Il s’éjecta du flot de son ampleur grandissante dans une petite rue attenante à l’allée commerçante, et se passa la main sur le visage, se demandant ce qu’il allait faire maintenant. Suivre les petites rues qui couraient parallèlement à son itinéraire initial allait certes le retarder, mais ce serait mieux que rien. Restait simplement à ne pas se perdre dans ces chemins ophidiens, et à éviter les endroits les moins fréquentables. Laissant retomber sa main, il regarda devant lui, et ne put que pousser un grognement de frustration en constatant qu’il se trouvait dans une impasse. Il haïssait les villes. Derrière lui, le mouvement de foule semblait prendre de l’ampleur, et les voix craintives s’étaient changées en un chœur discordant de cris et de gémissements.

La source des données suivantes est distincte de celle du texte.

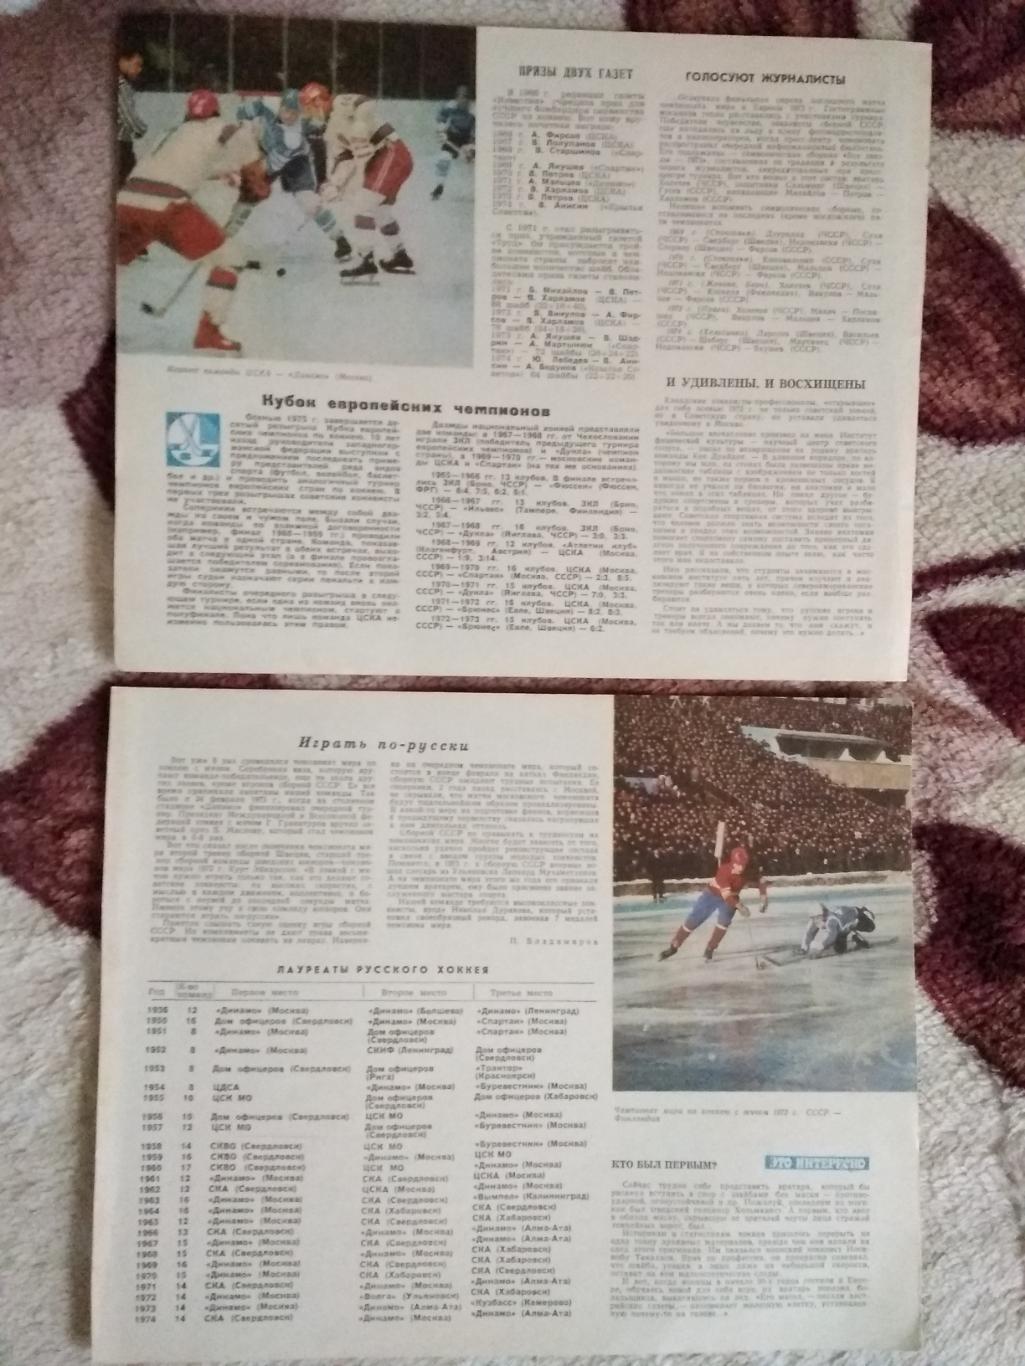 Статья.Хоккей,хоккей с мячом.Календарь Спорт 1975 г. 1

S’intéressant pour la première à l’autre personne qui se trouvait ici avec lui, il la détailla rapidement.
« Tu ne sais pas par où on peut passer pour rejoindre la Rue de la Nouvelle-Lune, j’imagine ? »
C’était une petite chose, qu’il avait en face de lui, une petite chose fragile et qui pouvait facilement se cacher. Les autres races mortelles lui faisaient rarement un autre effet. Il attendit une réponse de la créature, cherchant en même temps un moyen de se débrouiller. Au rythme où les choses progressaient, il devrait bientôt se résoudre à escalader la façade la plus proche et à passer par les toits.